Exactly as they appear below, repeat the lines from the one with "45 Colorful Interior" through the one with "Belgium Town Map, c. 1930.". Drop every picture.

• Given entries:
────────────────────

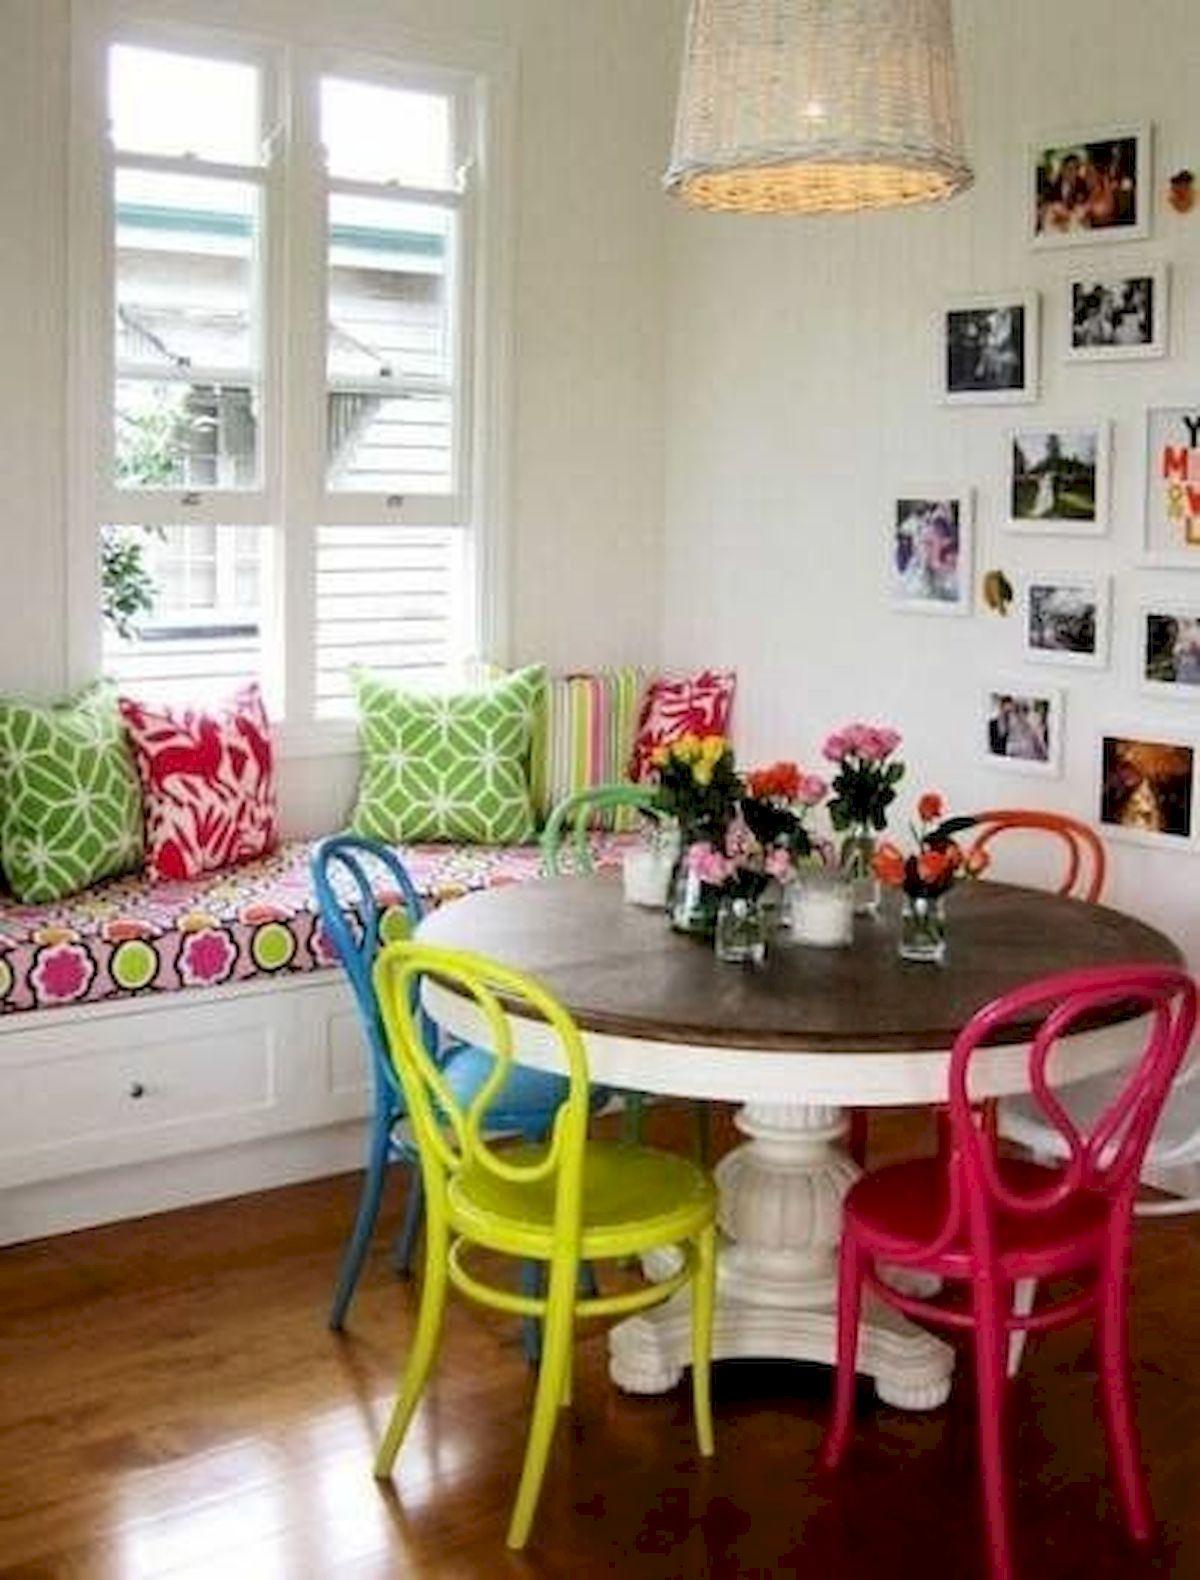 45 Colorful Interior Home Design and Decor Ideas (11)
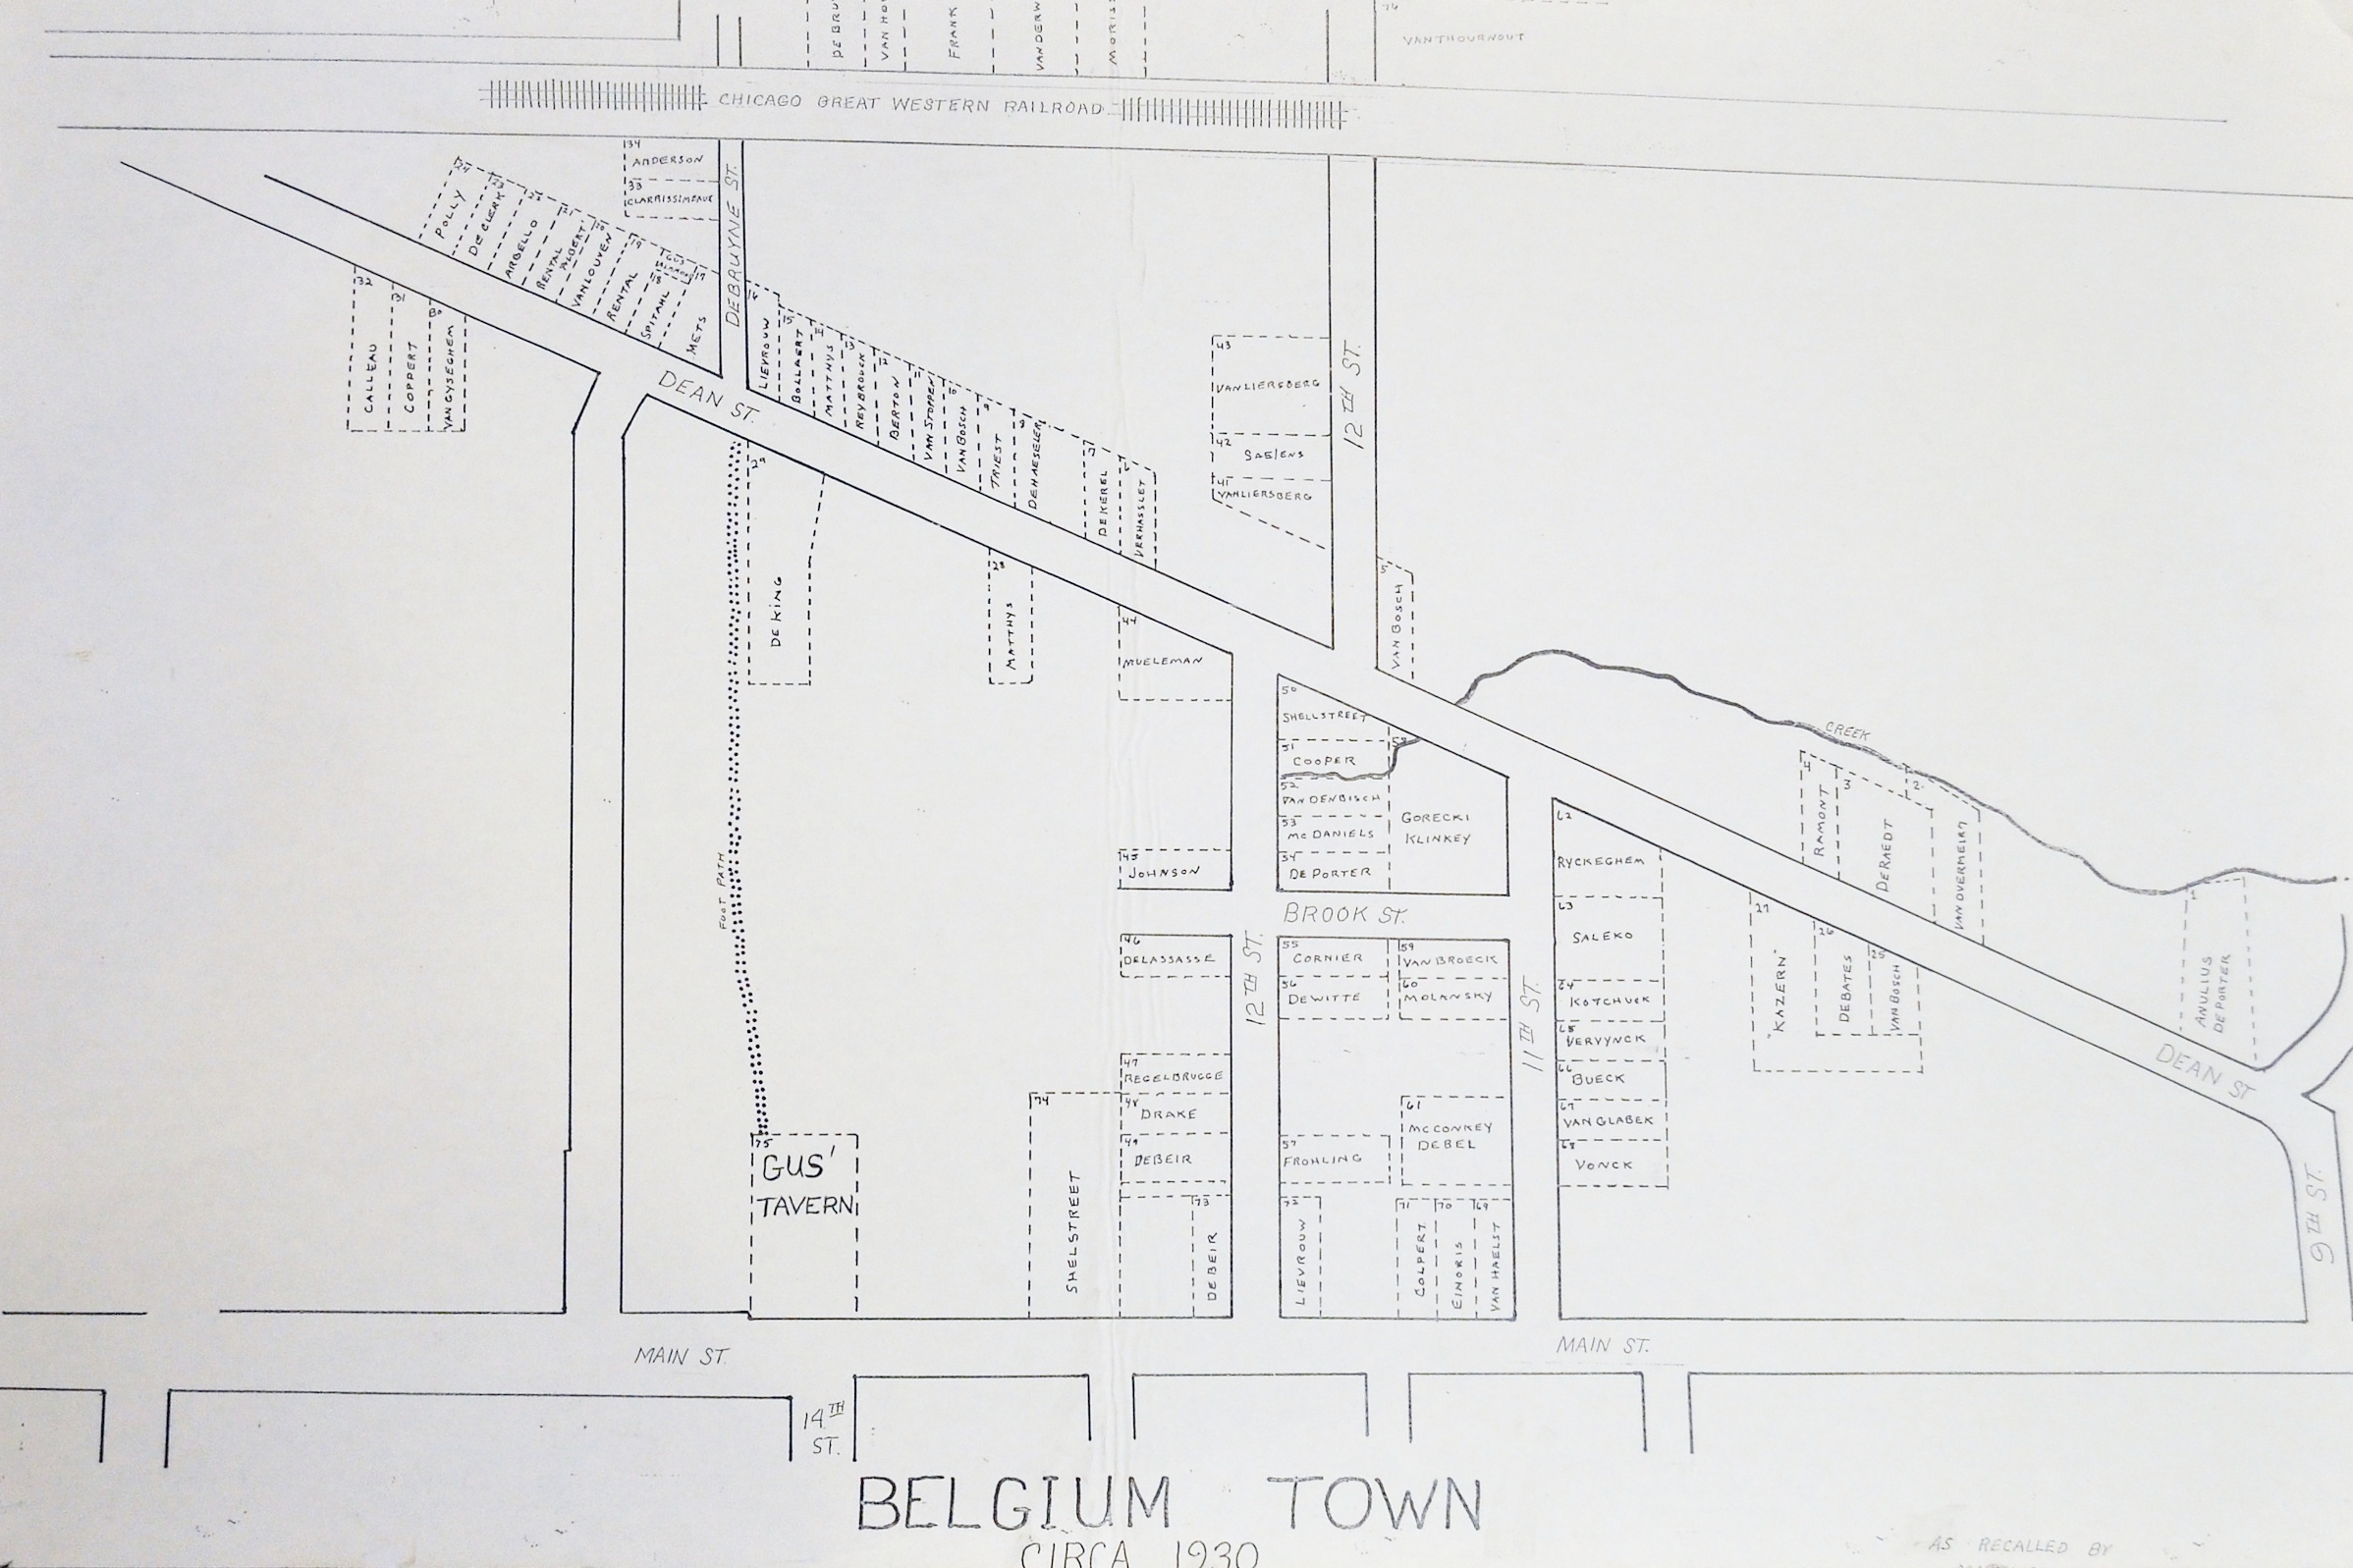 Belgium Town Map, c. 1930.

────────────────────

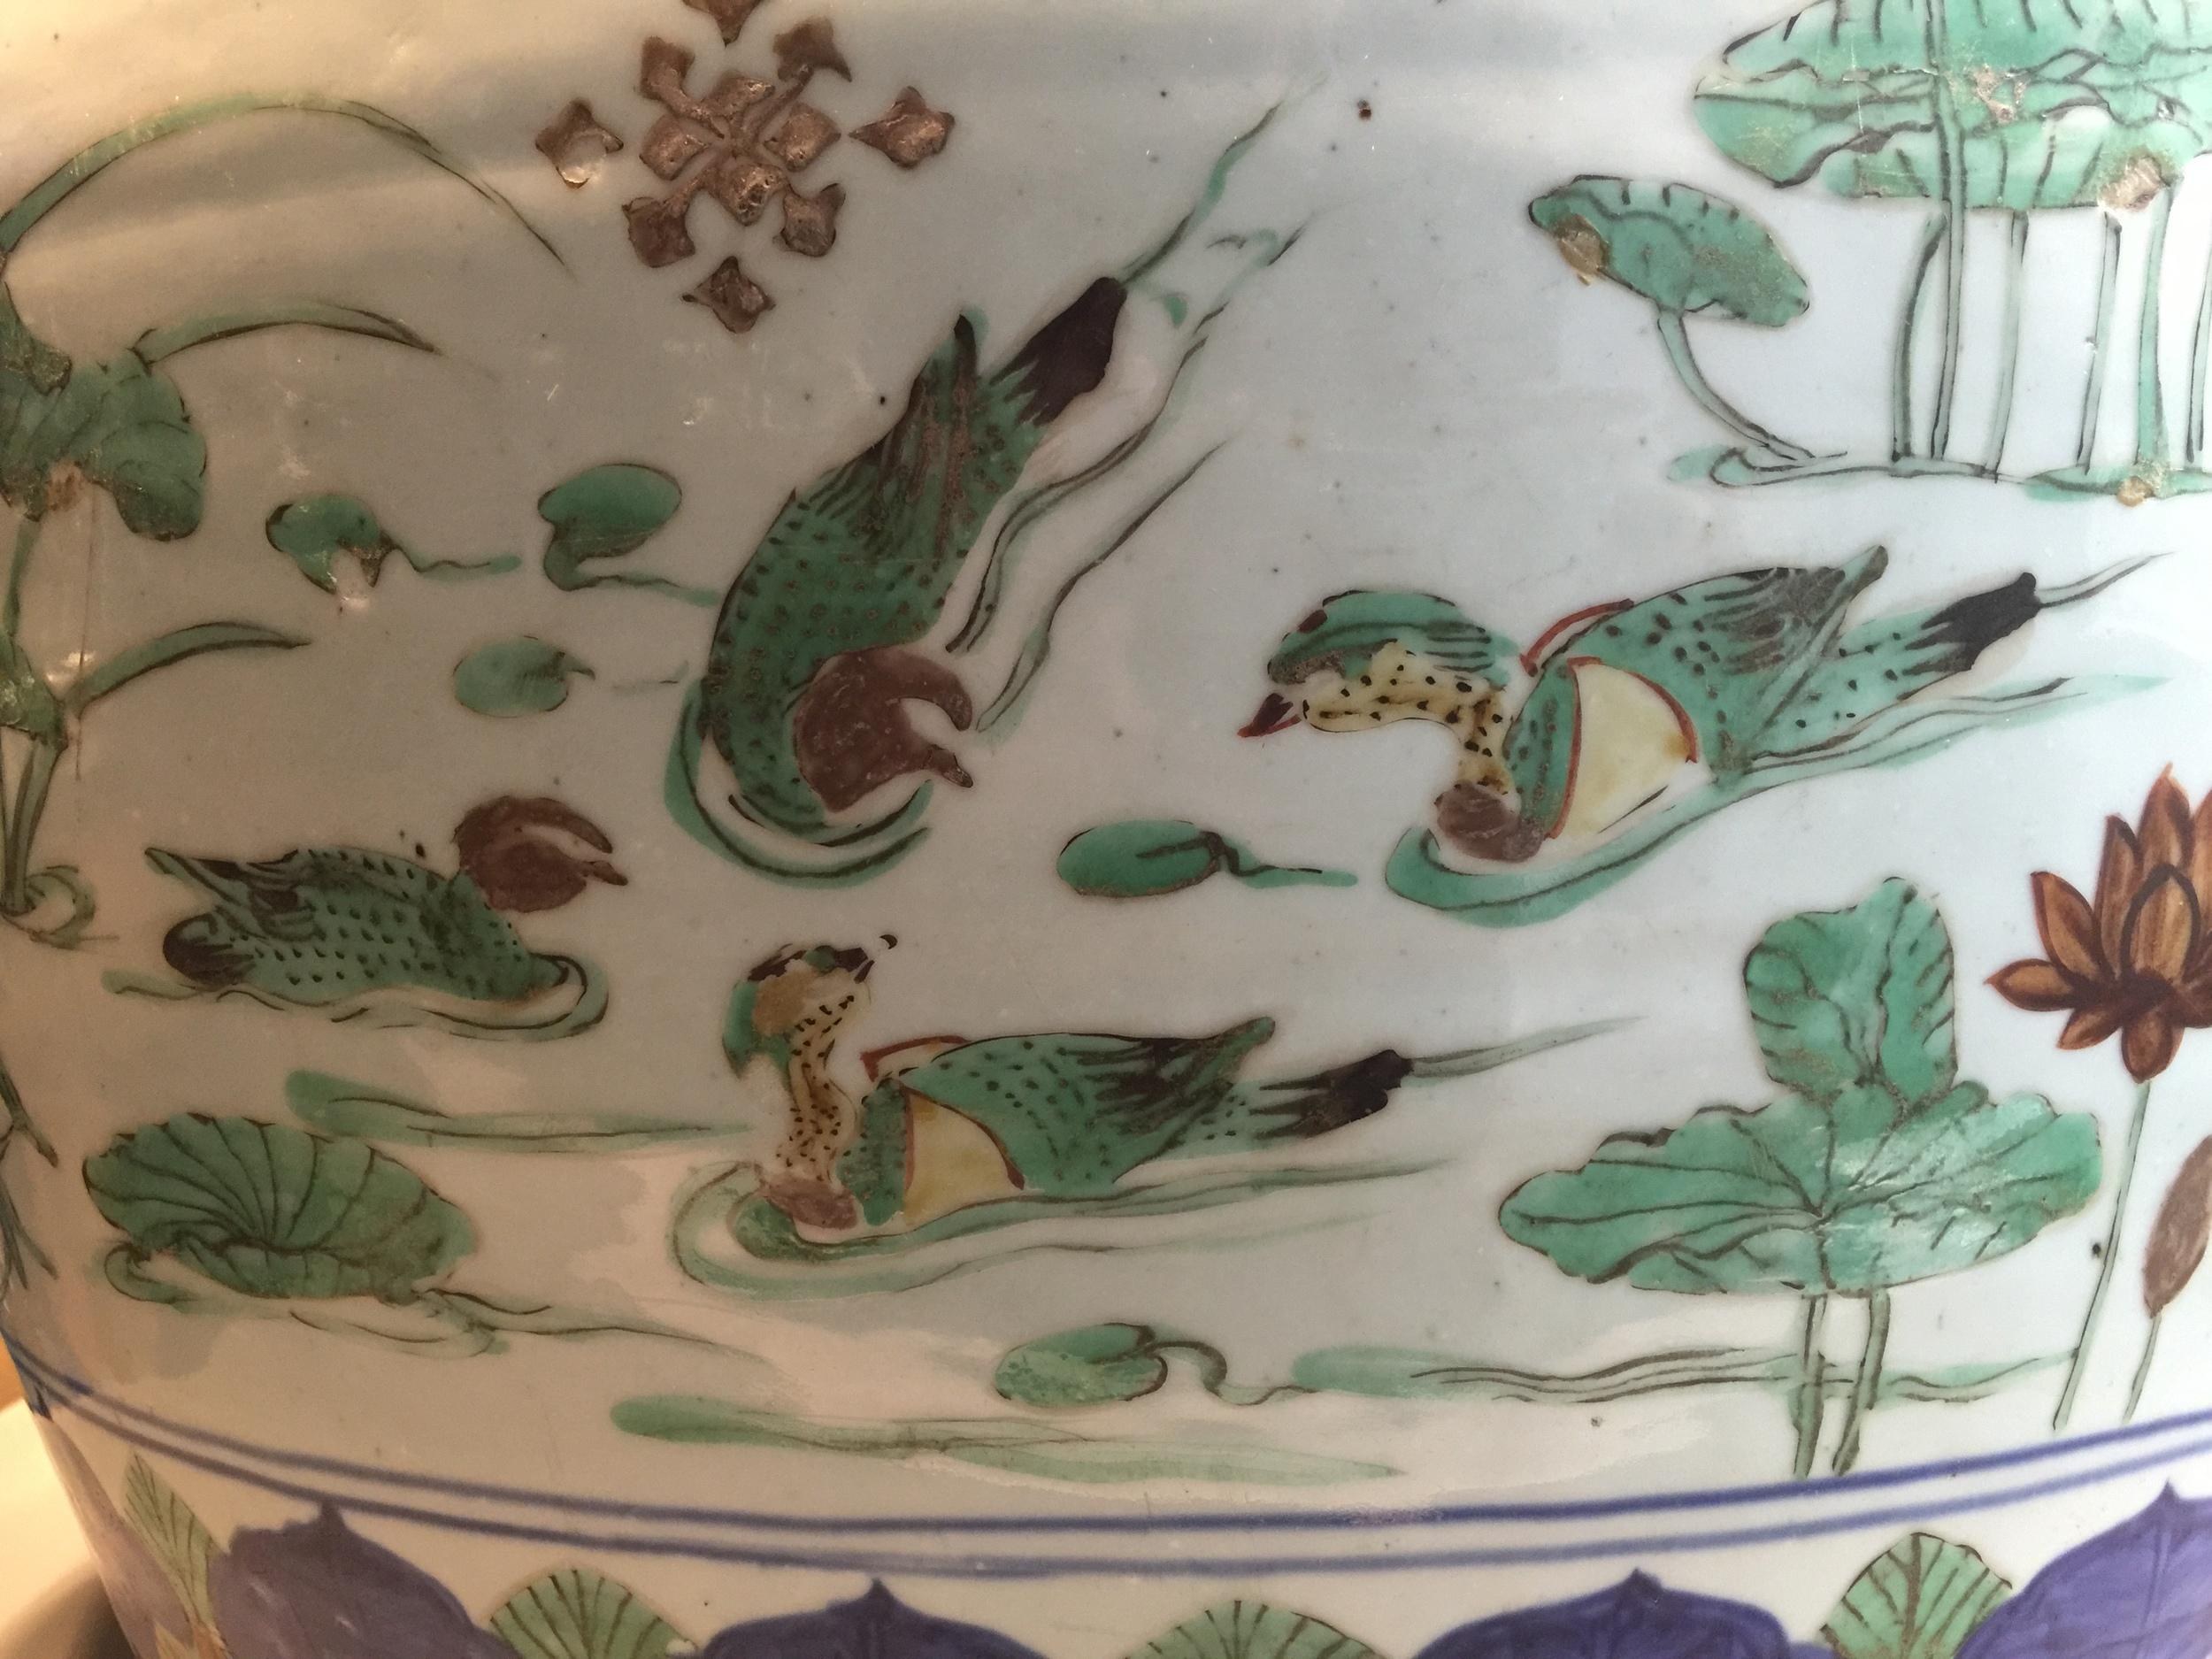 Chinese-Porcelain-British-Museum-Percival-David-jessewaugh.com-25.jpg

────────────────────

• Result of the task:
 45 Colorful Interior Home Design and Decor Ideas (11)
 Belgium Town Map, c. 1930.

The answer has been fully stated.